Site icon RHYMES WITH CAMERA || Tamara Sellman, Writer & Filmmaker

Do you ever inventory your works in progress?

werdz and nerdz tagI’ve made it a practice to annually look at my works in progress, and I’m overdue this year!

You might think of unfinished work in a less-than-positive light. What writer doesn’t mourn the dreaded “drawer of manuscripts collecting dust?”

But for me that drawer doesn’t—can’t—exist.

(Quite literally: I don’t print out full incomplete manuscripts of anything anymore, unless it’s to mark them up with line edits. I just save to multiple storage folders on my laptop.)

Or maybe I just won’t let this dreaded drawer have a life of its own.

By keeping an annual inventory of work I hope to finish, I keep myself on track with goals, dreams, submission efforts, marketing, and much more. If you’re a listmaker, you know the value.

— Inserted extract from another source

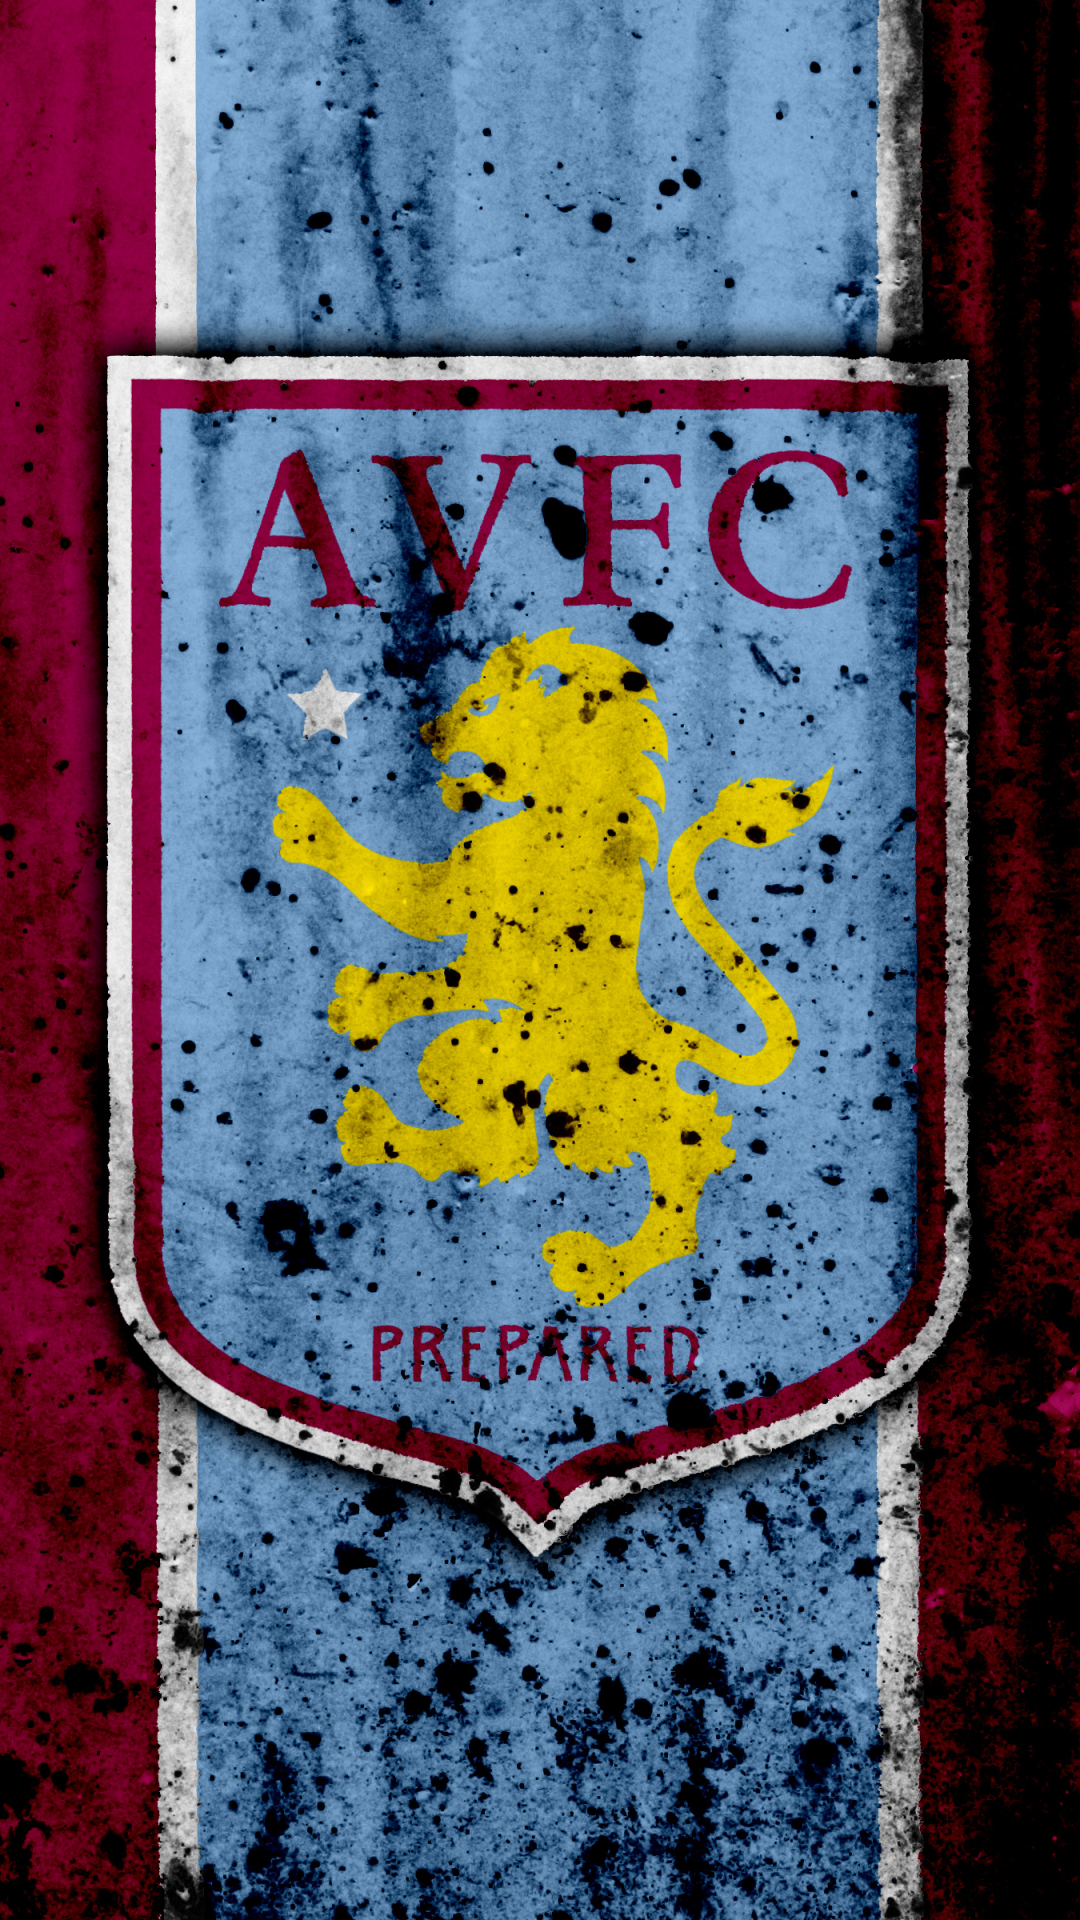 Descarga gratuita de fondo de pantalla para móvil de Fútbol, Logo, Emblema, Deporte, Aston Villa Fc.

For me, it’s essential to have an updated List of Works because it forces me to remain focused and disciplined, to keep my eyes on the prize (completion, final revision, publication, production, and more).

In other words, it reminds me I’m a working writer.

So check it out: here’s what I’ve got in the hopper right now. Titles may be irrelevant to you, but next year, I can look back at this list and chart my progress.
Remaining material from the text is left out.